* Action item:
Print exactly, and only, the lines from the one that has "Cherrish's show" through the end of the material below, with both ends included and the pictures omitted.

* Stored data:
[Start of section]
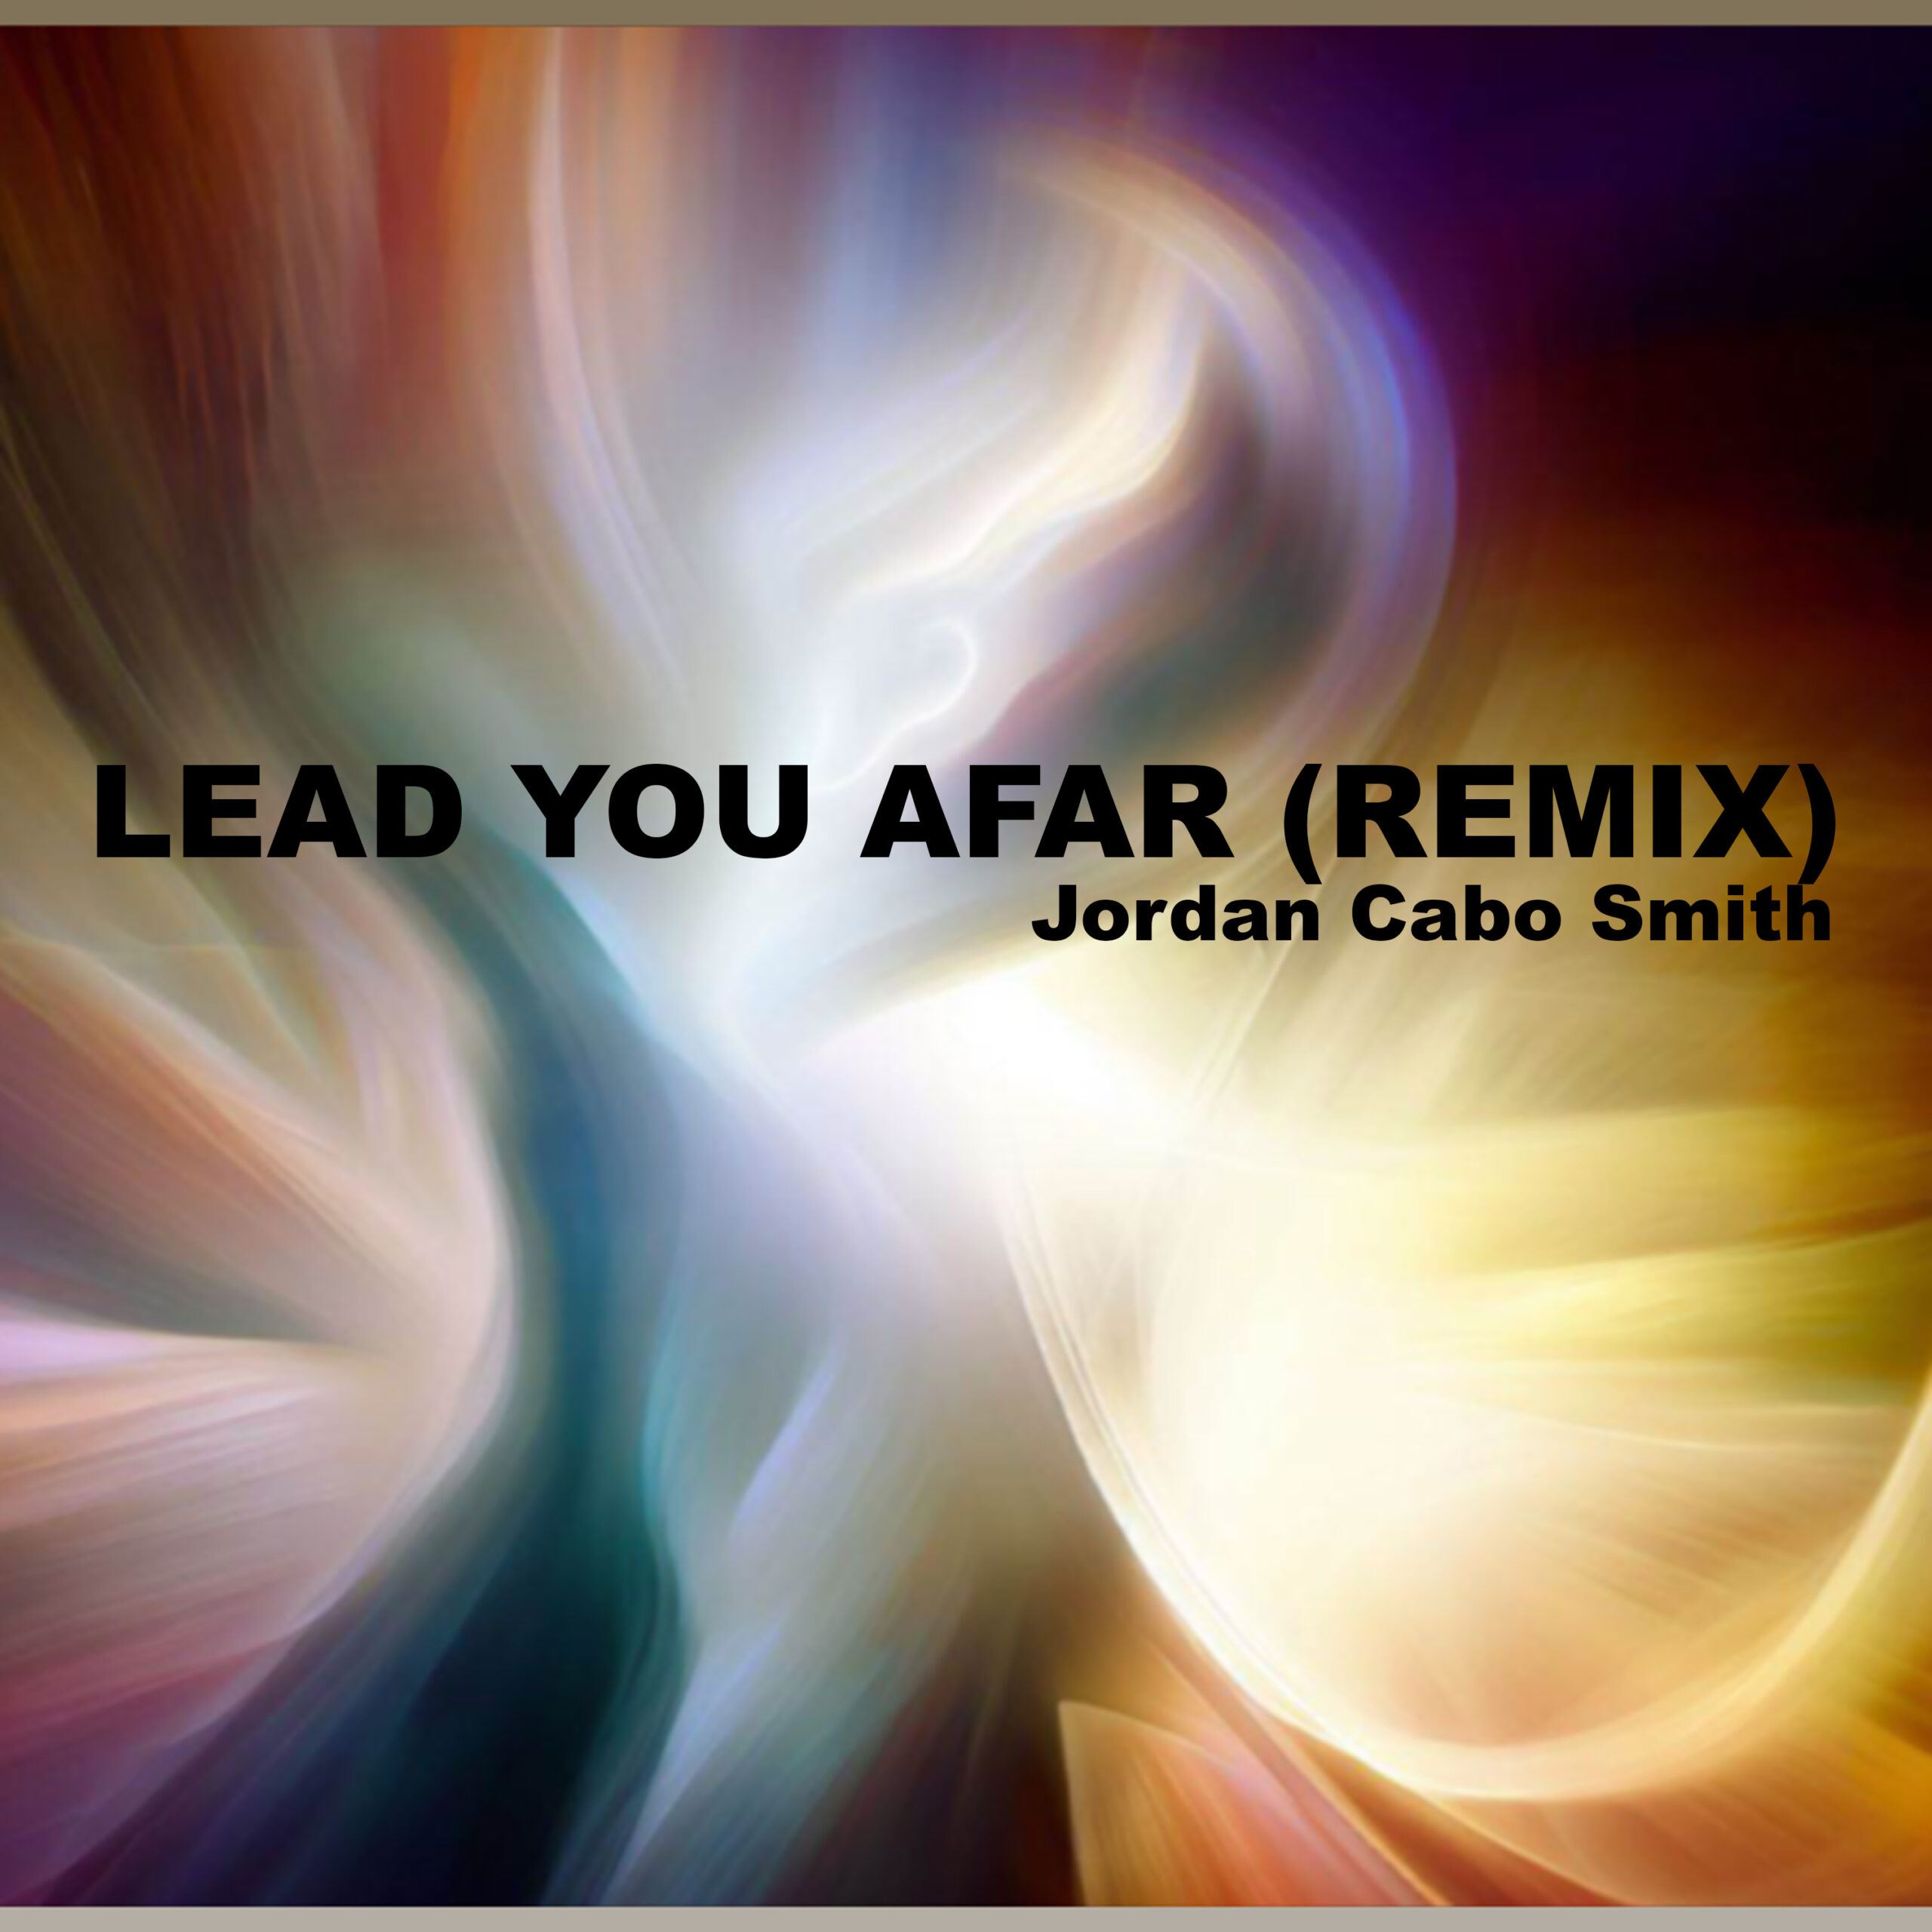 Lead You Afar (Remix)
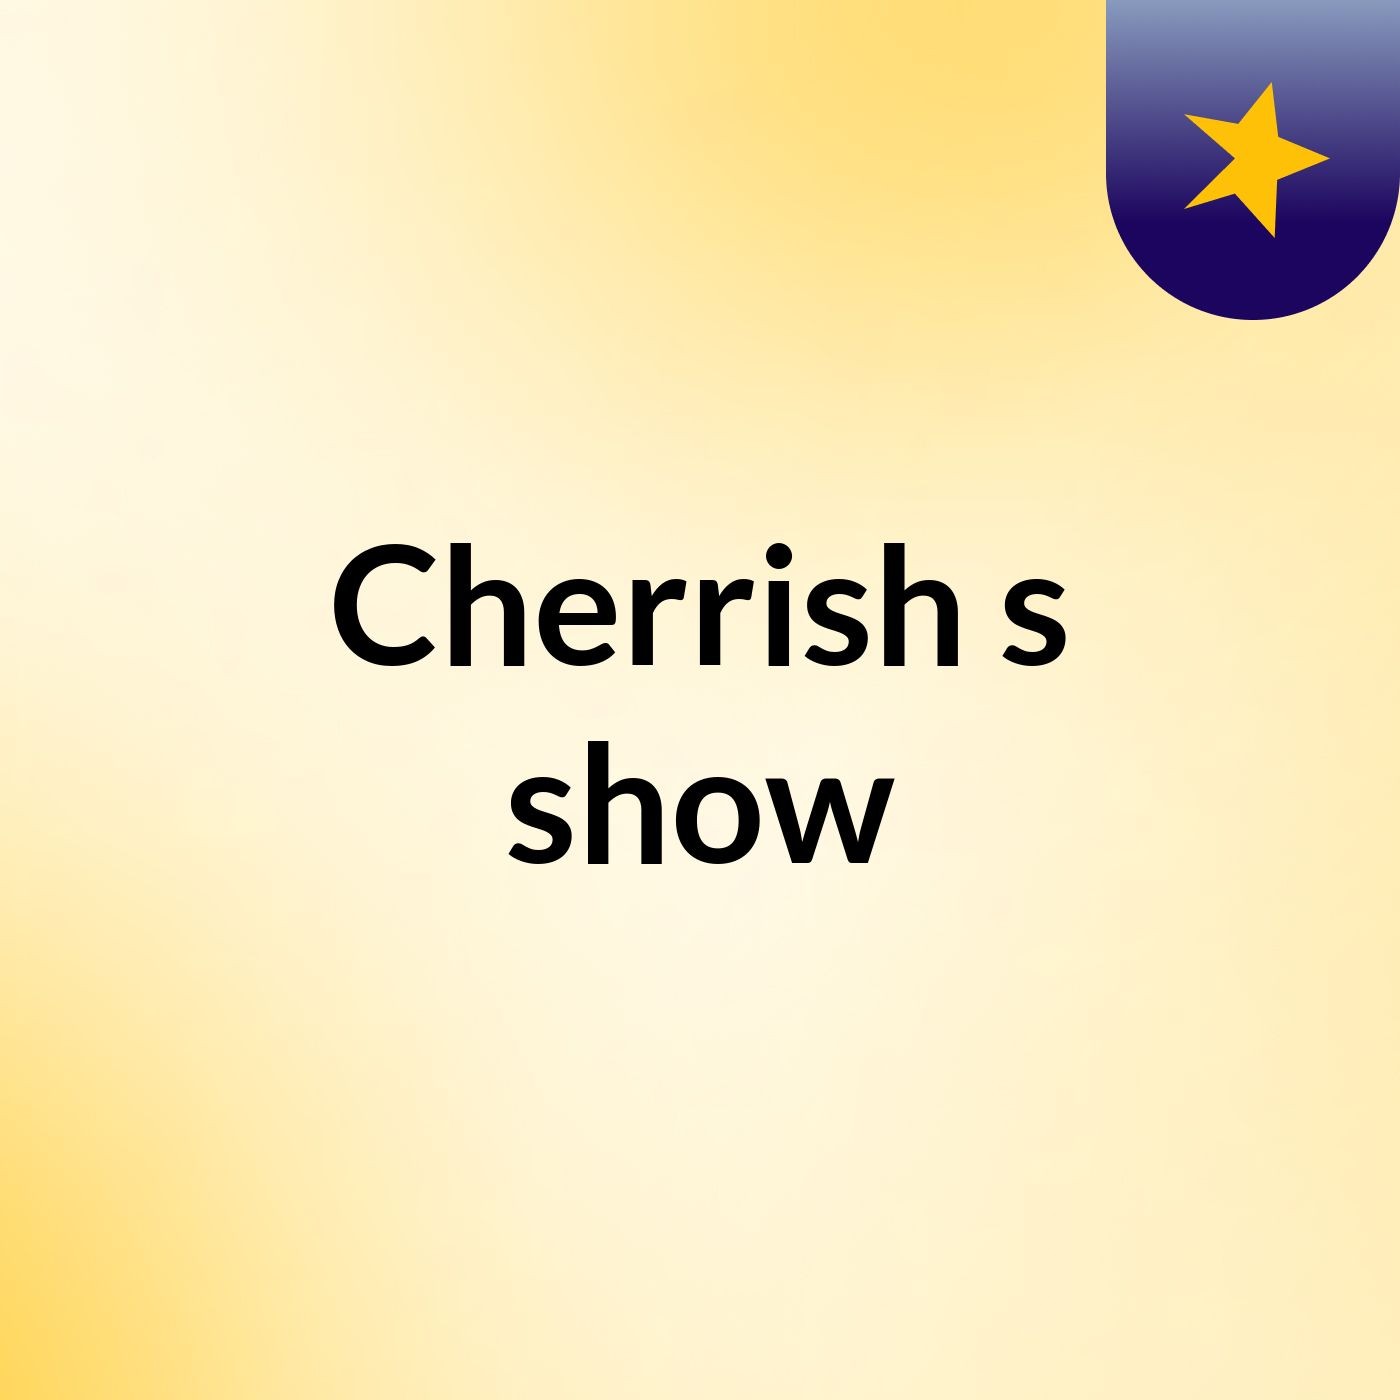 Cherrish's show
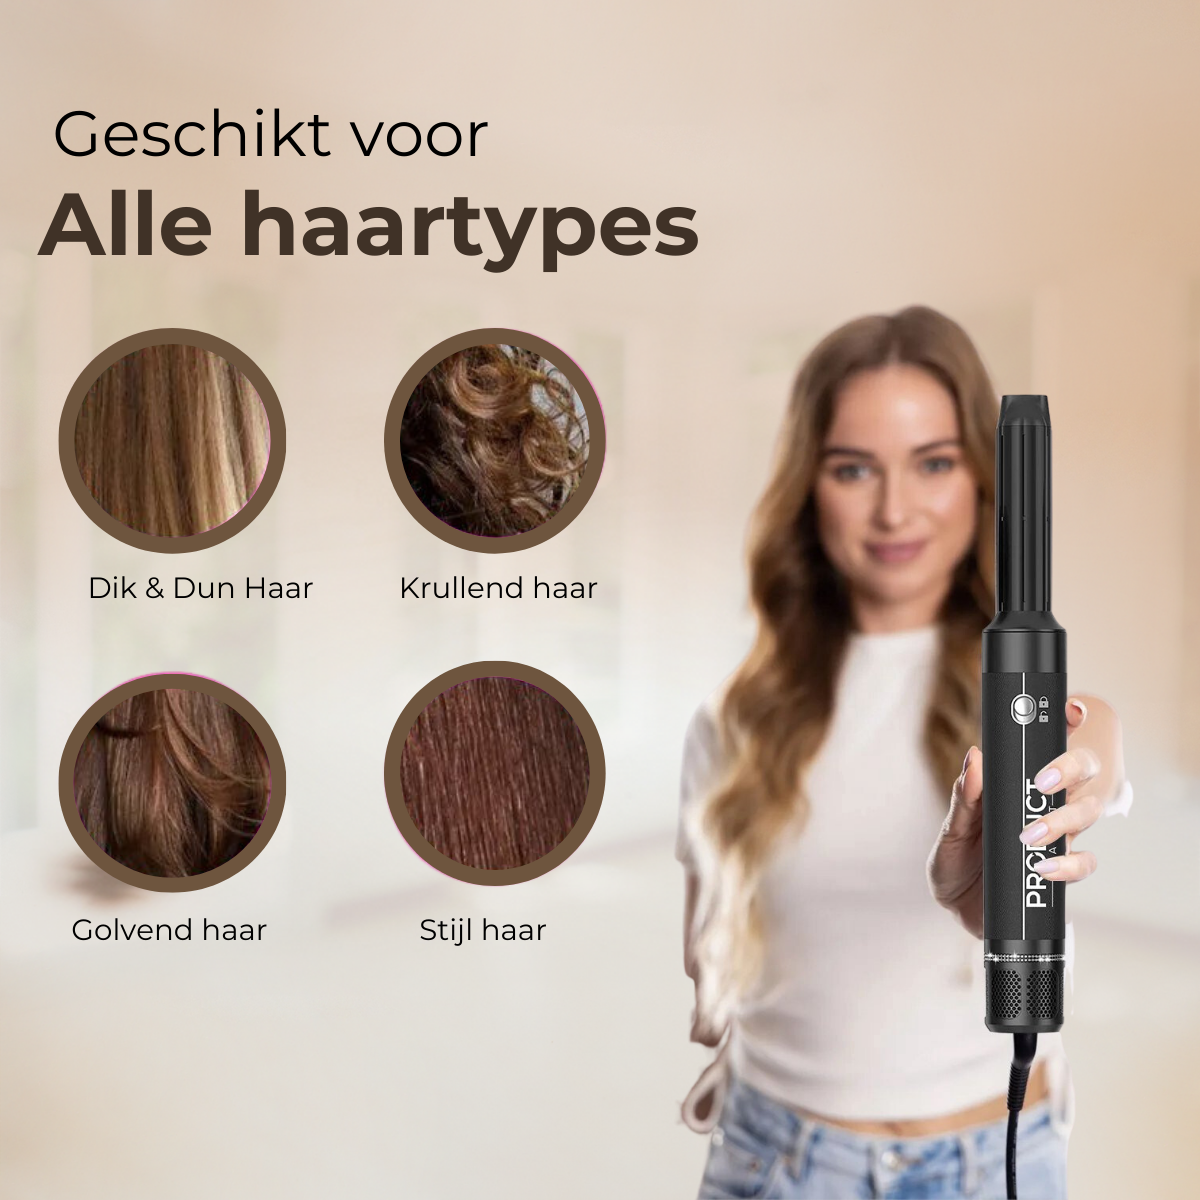 Geschikt voor alle haartypes: onze veelzijdige airstyler biedt professionele stylingopties voor iedereen, ongeacht haartextuur.
[End of section]
* Written solution:
 Cherrish's show
 Geschikt voor alle haartypes: onze veelzijdige airstyler biedt professionele stylingopties voor iedereen, ongeacht haartextuur.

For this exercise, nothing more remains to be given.